По заветам, как говорится. От каждого по способностям, каждому по потребностям. А потребности эти, мы, товарищи, знаем.

— Ты… довольно гнусный… и нудный… и…

Мне бы полететь, приземлиться прямо на Красной Площади. Стукнуть хером о мостовую так, чтоб камни в воздух взлетели, а потом молвить речь горячую. Только это не даст ничего. Совсем ничего. Западные страны в отчаянии и готовы на многое ради стабилизации обстановки, Стакомск стал чемоданом без ручки, а из нас сделают козлов отпущения. Слабеньких или легко контролируемых — под диктат Неогенового ООН, сильных, типа нас с Окалиной, просто под нож как террористов. И всем плевать, что мы защитили город от подковерных игр Комитетов…

— Я… без боя… не сдамс…

Такие вот дела, товарищи. Без боя мы не сдадимся. О, Викусик. Ты чего меня трогаешь? Я ж говорю, не сдадимся. Ладно, тебе можно. Сдаюсь. О, ты и её подняла? Ну ты и сильная, офигеть. Я не знал. А куда мы едем? Спать? Мне не нужен сон, Викусь, мне нужны ответы! Я хочу знать, что мне делать, как мне жить. Где надо ударить, чтобы всё заработало, а? Что? Никуда бить не надо? Надо, Викусь, надо, ты не слушай эту… она пьяная. Я? Я тоже пьяный, видно же, ты чего. Но меня слушать на… эй, ну за что ты меня так бросила? А сама куда? Эй! Верните мне товарища майора! Это моя начальница, а не ваша…!


Интерлюдия


— Он напился в хлам с твоей мамой, — говорит Янлинь, встав возле любимого насеста девушки-призрака, — А потом сказал что-то Викусику, которая их разносила по комнатам. Та теперь рыдает. Никого видеть не хочет.

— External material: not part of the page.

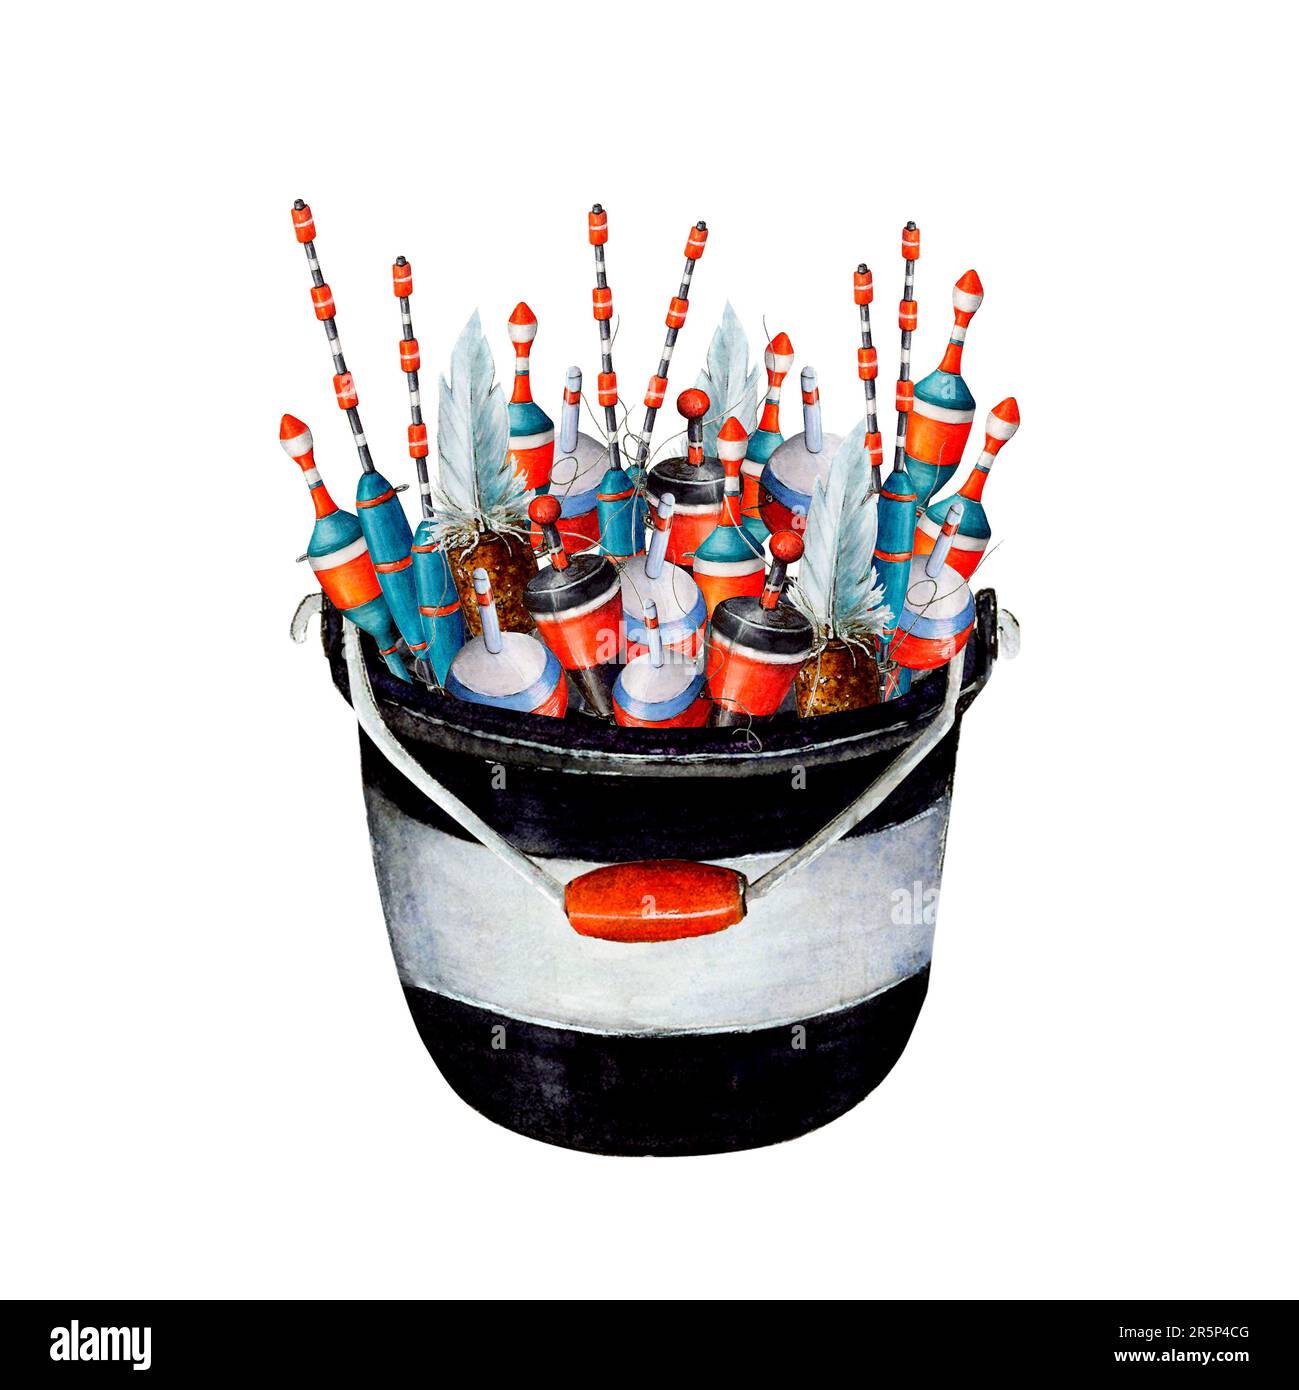 https://c8.alamy.com/comp/2R5P4CG/watercolor-drawing-fishing-bucket-black-and-white-with-red-handle-full-of-various-bobblers-angling-gear-for-wallpapers-logo-banners-icon-cards-2R5P4CG.jpg

— Сказал? Вряд ли, — откликается призрак, удерживающая перед собой планшет с данными, — Я уверена на сто процентов, что девочка расстроилась из-за того, что он ей не сказал. Особенно пьяный. Он же её искал, понимаешь? Долго, упорно. А мы прятали. Так? Так. А она пряталась. Так? Так. Пока пряталась, надумала себе разного.

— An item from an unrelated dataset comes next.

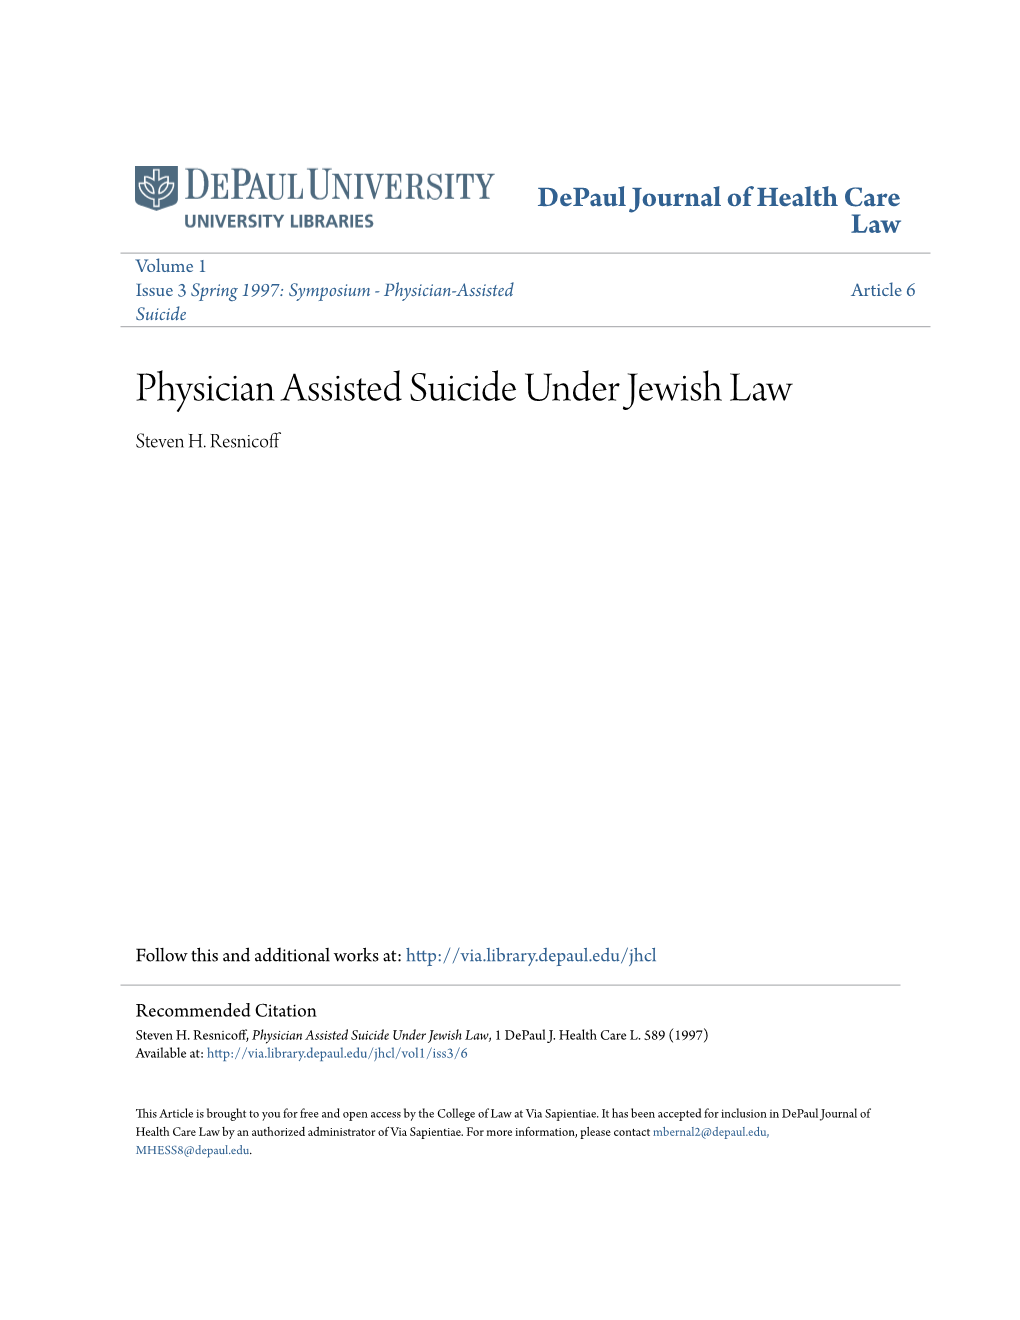 Physician Assisted Suicide Under Jewish Law Steven H

— Наверное, так и есть, — соглашается Янлинь, наблюдая, как блондинка быстро читает доклады, возникающие на дисплее. Витя у них… необычный как личность. Он даже то, что на душе, не рассказывает, а заявляет. Спокойно. И ему веришь, потому что не верить — глупо. Он постоянно по краю ходит. Вот, снова оттуда пришёл.

Снова чудом. Янлинь не знает, что там конкретно было, но она уже видела репортажи из Благовещенска. Пять улиц с домами разорваны в клочья. Везде развалины, пожары. Как конец света. Всего за несколько минут. Теперь, в редкие минуты отдыха, Янлинь размышляет, чем можно дотянуться до человекоподобного существа на орбите. Что-то самонаводящееся? С самолета? Нет, не получится. Нет технологий. Нужен неосапиант. Но таких просто не существует, она бы знала. Есть те, кто могут выжить в космосе, есть те, кто могут до него долететь, есть те, кто могут сгенерировать удар достаточной мощности, чтобы испепелить «чистую». Но чтобы в одном человеке? Нет. Вообще.

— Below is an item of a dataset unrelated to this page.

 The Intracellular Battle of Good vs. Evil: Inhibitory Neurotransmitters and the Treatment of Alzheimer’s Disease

— Что с вашим модулем, Янлинь? — отрывает китаянку от размышлений призрак, — На сколько процентов готов ваш «Великий Учитель»?

— Их «Великий Учитель», — не задумываясь, парирует Цао-младшая, — Я, вообще-то…

— Знаю, шучу, — слабо улыбается оторвавшаяся от планшета белокурая девушка, — И…

— Вероника вчера последние тесты закончила, — вздохнув, отвечает она призраку, — Модуль собран и готов к работе… к обучению. Со считкой мимики проблемы, но это уже, как говорит Витя, «микроменеджмент». «Великий Учитель» даже на старте на несколько порядков поднимет средний уровень обучения в КНР. По выборке, конечно.

— Замечательно. Тогда начинайте его интеграцию в Систему Йуженя, немедленно, — голос Юли становится строгим, отрешенным и деловым, — Я сейчас закончу и иду к тебе, Веронику и Салиновского тоже подтягивай.

— Почему? — Янлинь недовольна. Она не хочет быть начальницей.

— Потому… — Юля слетает со своего канделябра, — Что я хочу, чтобы мы отправились в Дремучий все вместе. Мама не против. Никто не против. Им нужен максимум научного потенциала.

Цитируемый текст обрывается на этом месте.